Basketball

Auswärtsstarke Alba kommt in Ulm auf den Prüfstand

Bisher überzeugte Alba besonders in fremden Hallen. In Ulm wartet nun aber eine besonders hohe Hürde auf die Berliner.

Alba-Spielmacher Jordan Taylor (r.) überzeugt auch im Bodenkampf

Alba-Spielmacher Jordan Taylor (r.) überzeugt auch im Bodenkampf

Foto: Marc Müller / dpa

Berlin.  Denkt man an das Ulmer Basketballteam, taucht fast automatisch der Wuschelkopf von Per Günther vor dem inneren Auge auf. Der 28-jährige Spielmacher ist seit 2008 die Konstante im Spiel der Baden-Württemberger und gleichzeitig für den Klub eine Art Markenzeichen. Aber nicht nur dort: Die Fans aus ganz Deutschland wählten den 1,84 Meter großen Nationalspieler in den vergangenen vier Spielzeiten jeweils zum beliebtesten Spieler der Liga.

Ein guter Passgeber und ein guter Schütze

Albas Will Cherry, drei Jahre jünger und einen Zentimeter größer als sein Ulmer Kollege, findet Günther auch sehr nett, wird aber nichts unversucht lassen, sich bei ihm an diesem Sonnabend im Auswärtsspiel der Berliner (20.30 Uhr, Sport1) unbeliebt zu machen. „Ich habe Per beim Allstar-Wochenende ein wenig näher kennengelernt“, erzählt Cherry. „Er ist nicht nur ein sehr guter Spielmacher, sondern auch ein netter und gerader Typ.“ Günther sei der unumstrittene Kopf des Ulmer Teams und liefere genau das, was einen guten Spieler auszeichnet. „Er setzt seine Mitspieler in Szene, ist aber auch als Vollstrecker gefährlich. Er hat einen sehr guten Wurf.“

Per Günther kommt auf einen Schnitt von 13,6 Punkten pro Spiel. Wie wichtig es sein wird, ihn als Schützen zu stoppen, aber auch die Anspiele auf Ulms Topscorer Raymar Morgan (15,3) zu verhindern, zeigt der Blick auf die Tabelle. Alba tritt als Sechster in Ulm an, die Gastgeber liegen mit nur einem Sieg weniger auf Rang sieben.
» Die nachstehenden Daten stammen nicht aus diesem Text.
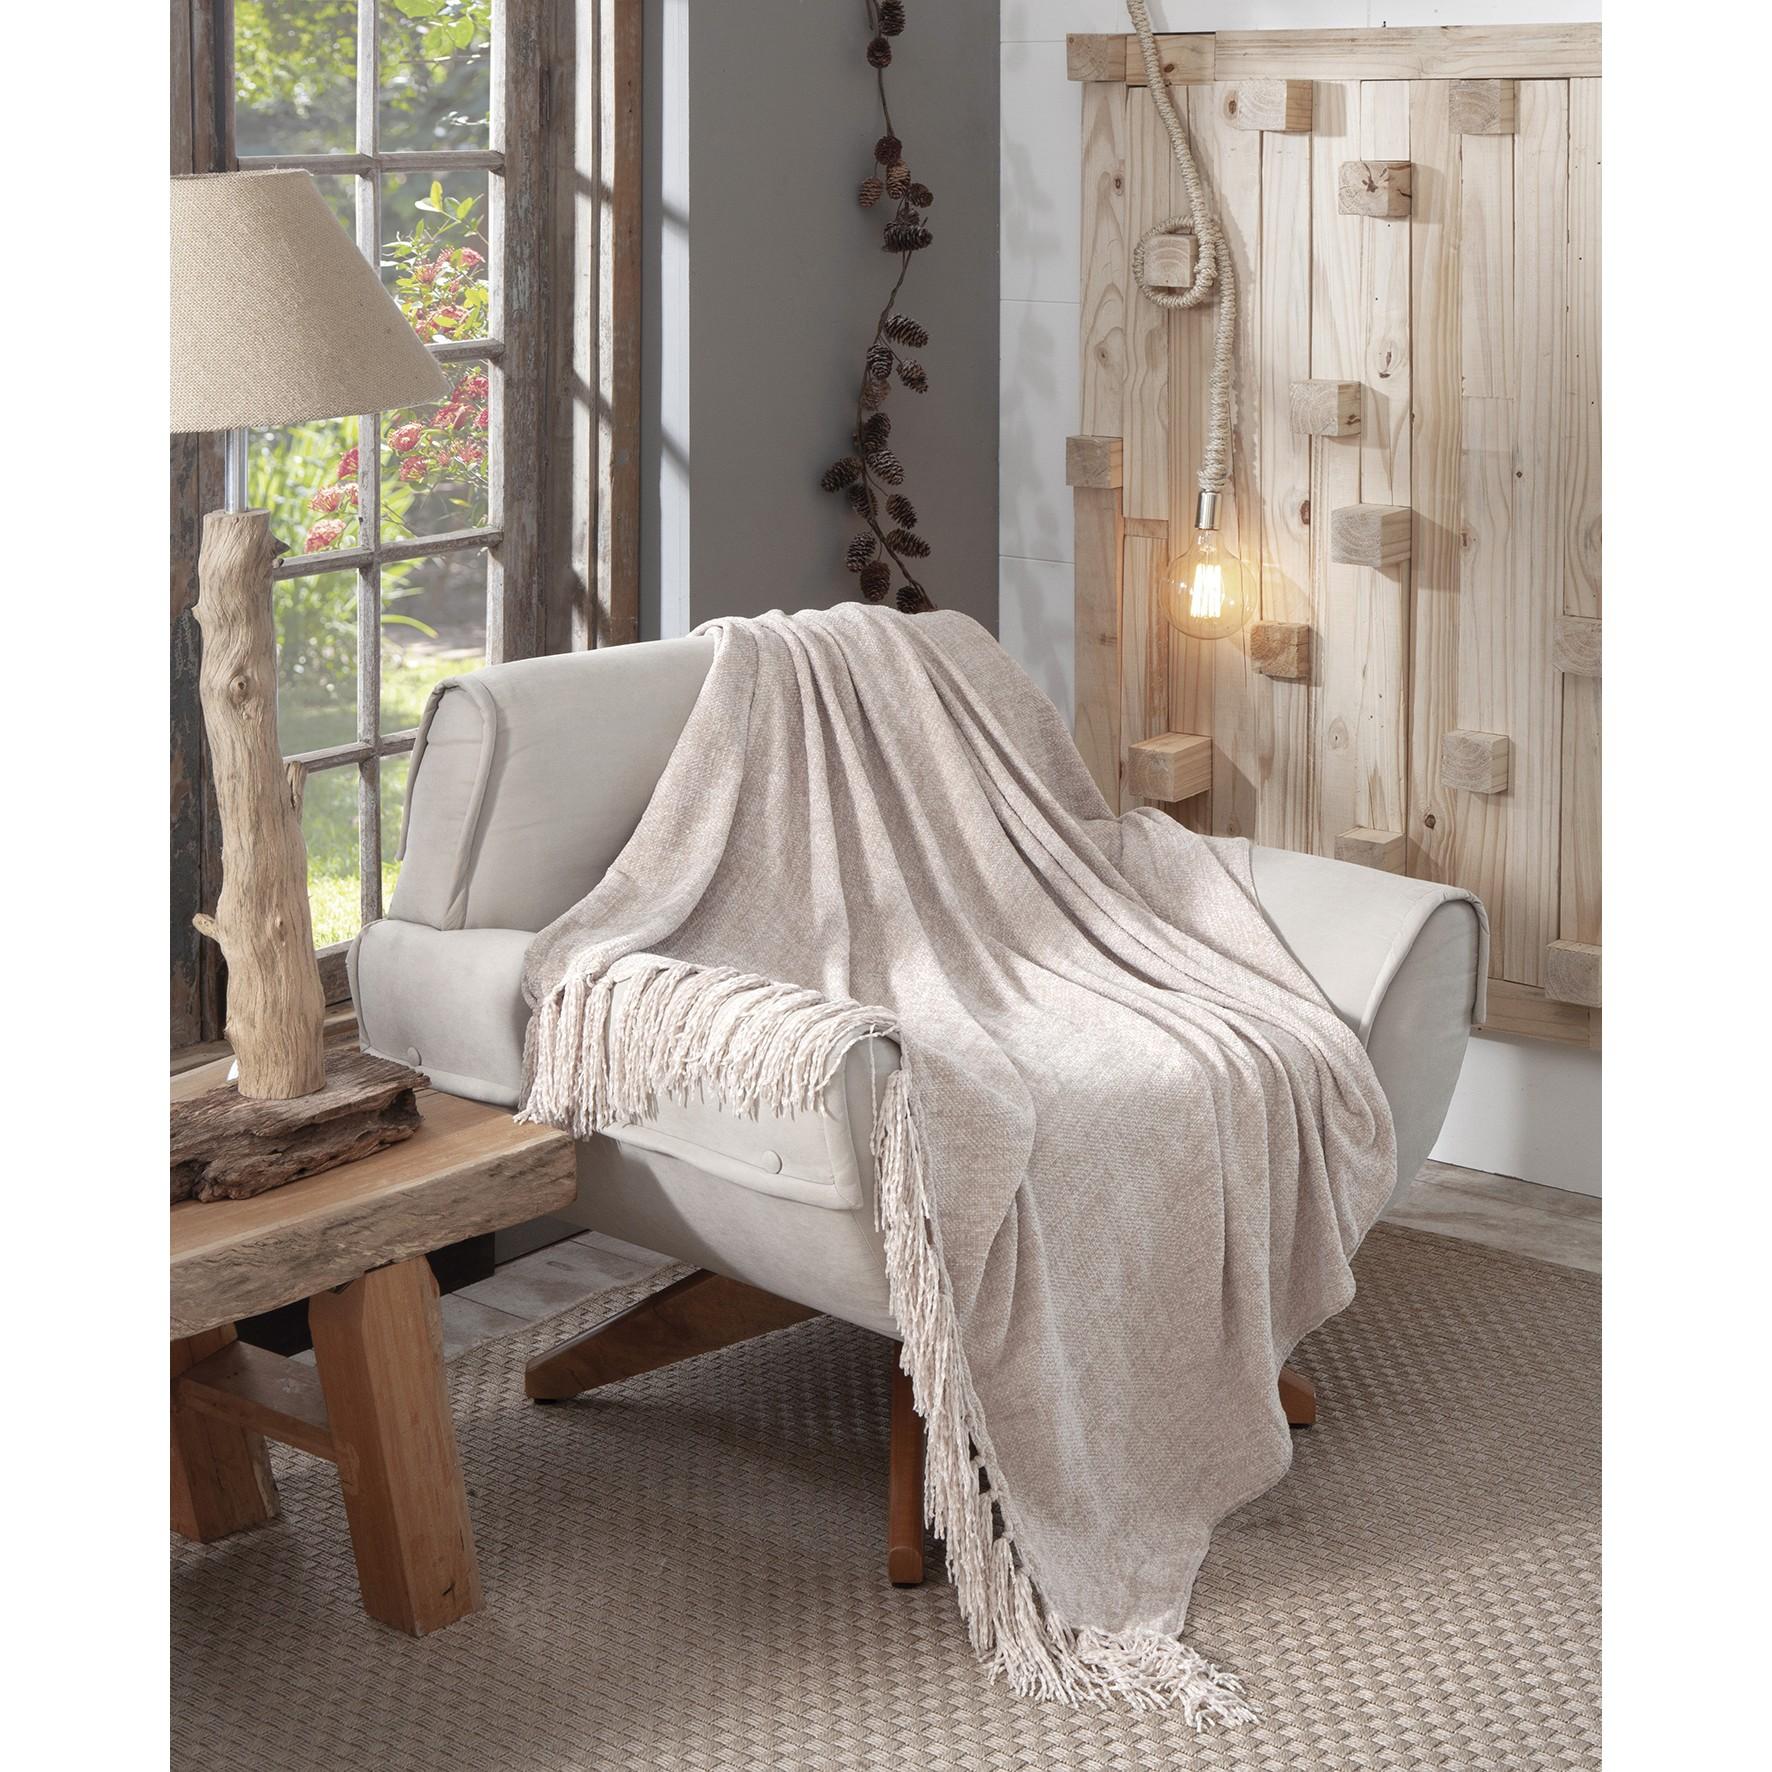 Manta para Sofa 130x150 cm Bege B9136 - Jolitex

Ein Selbstläufer wie im Hinspiel wird es nicht

Ein Selbstläufer wie im Hinspiel, in dem Alba schon zur Halbzeit mit 46:24 führte (Endstand: 74:54), wird es nicht. „Die Ulmer spielen jetzt konkreter und athletischer als in der Hinrunde“, erklärt Albas Coach Sasa Obradovic, „und sie haben vor allem ihr Zusammenspiel enorm verbessert.“ Unter der Führung von Per Günther, versteht sich.
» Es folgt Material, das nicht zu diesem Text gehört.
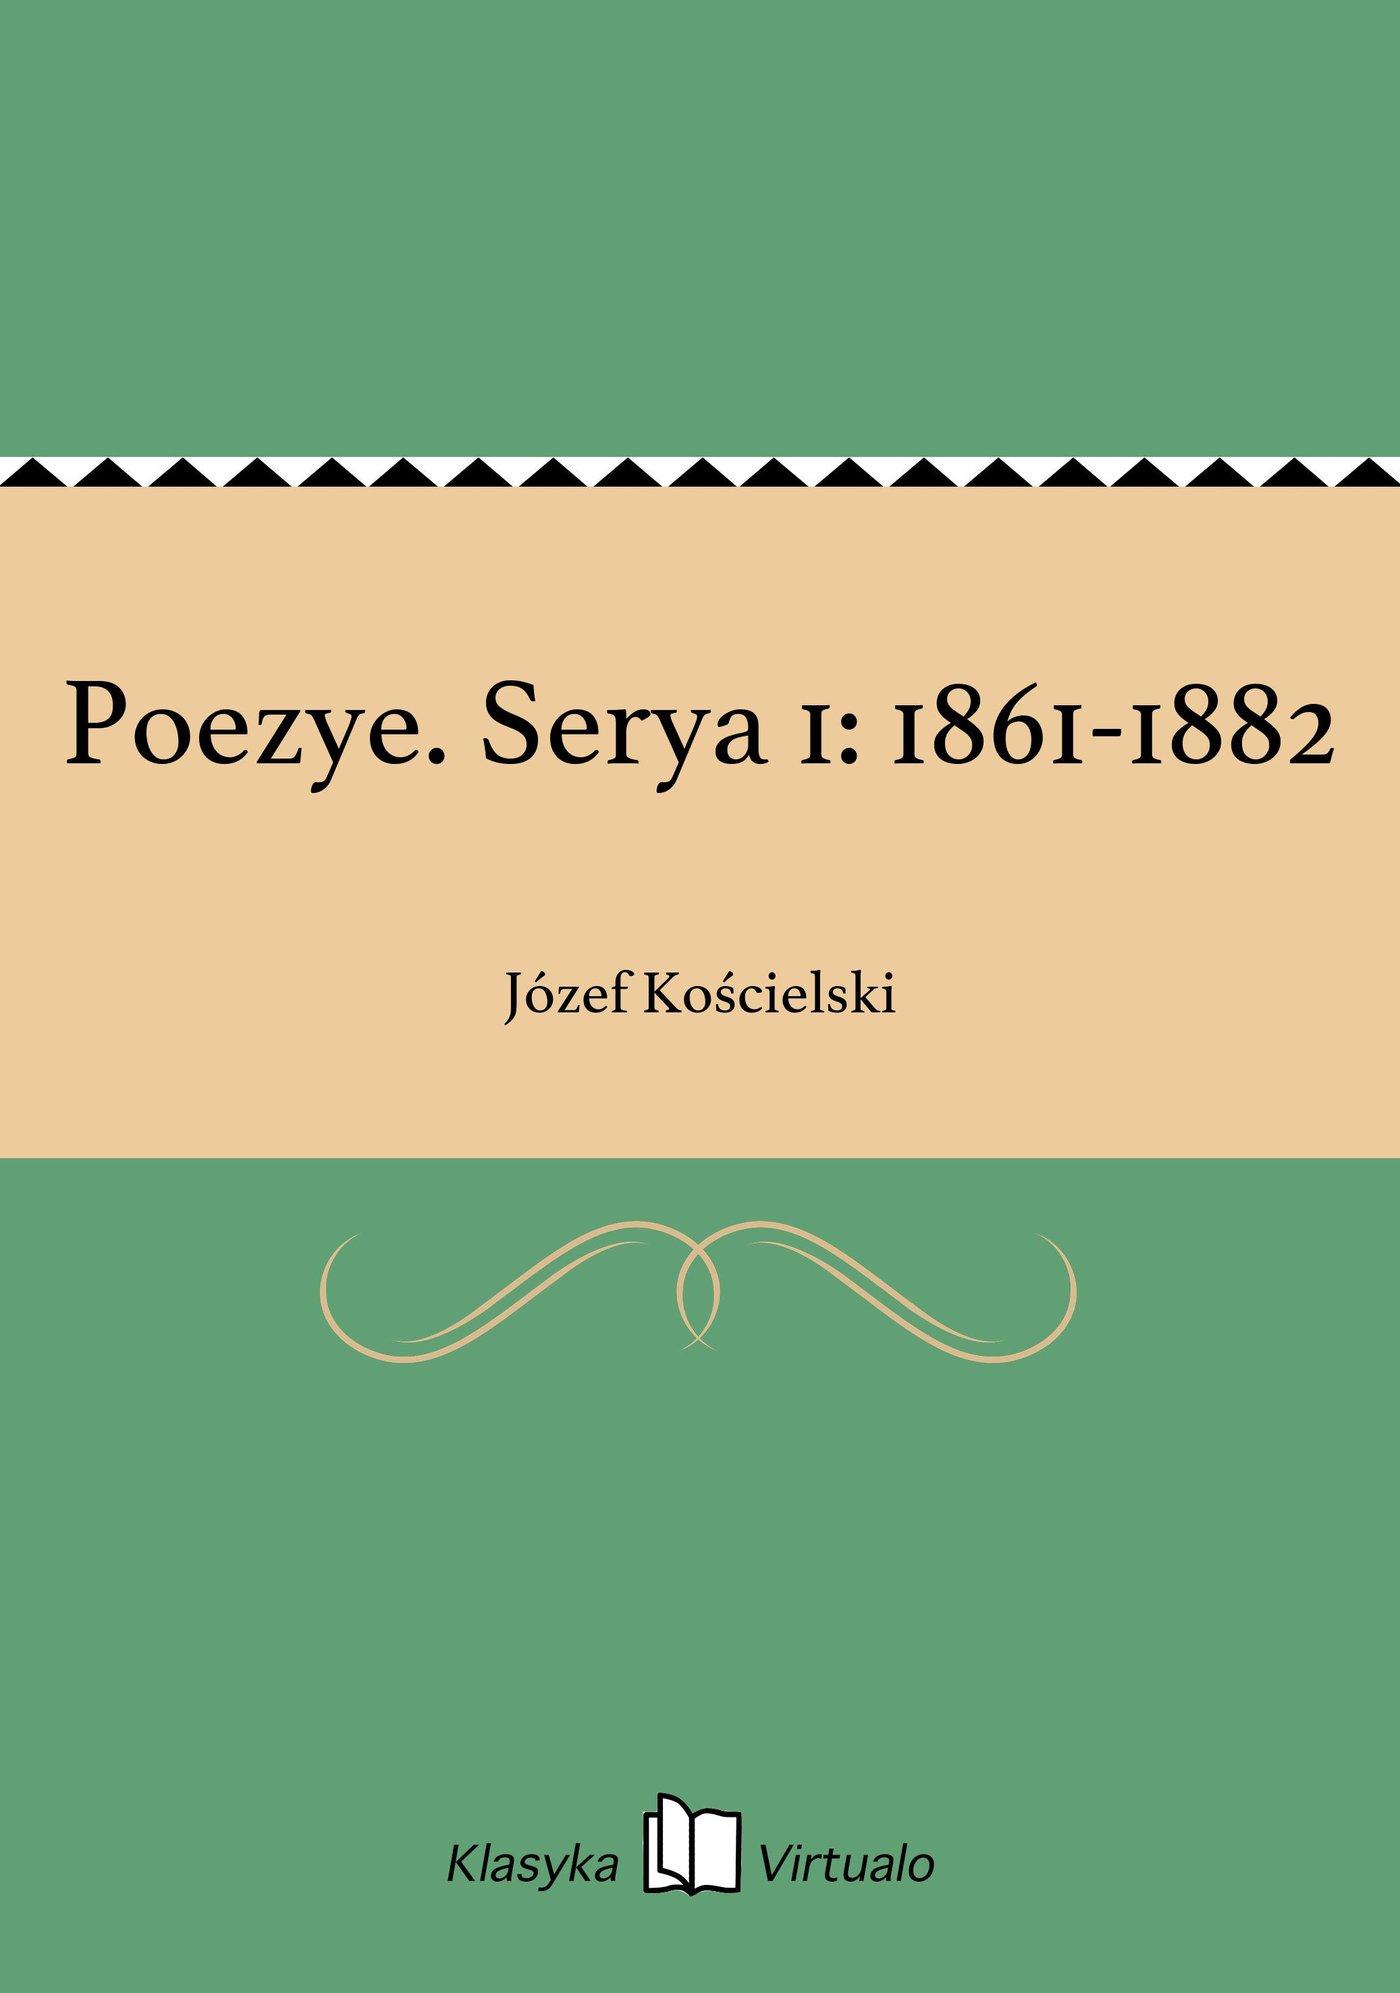 Poezye. Serya 1: 1861-1882 - Ebook (Książka EPUB) do pobrania w formacie EPUB

Neben Cherry wird auch Jordan Taylor versuchen, den beliebtesten Spieler der Liga zu ärgern. „Wenn wir zu unserem Spiel finden, können wir jeden schlagen“, ist sich Taylor sicher. Vor allem auswärts, sollte man hinzufügen. In fremder Halle hat Alba in der Liga mit 10:4 Siegen hinter Überflieger Bamberg (12:2) die zweitbeste Bilanz.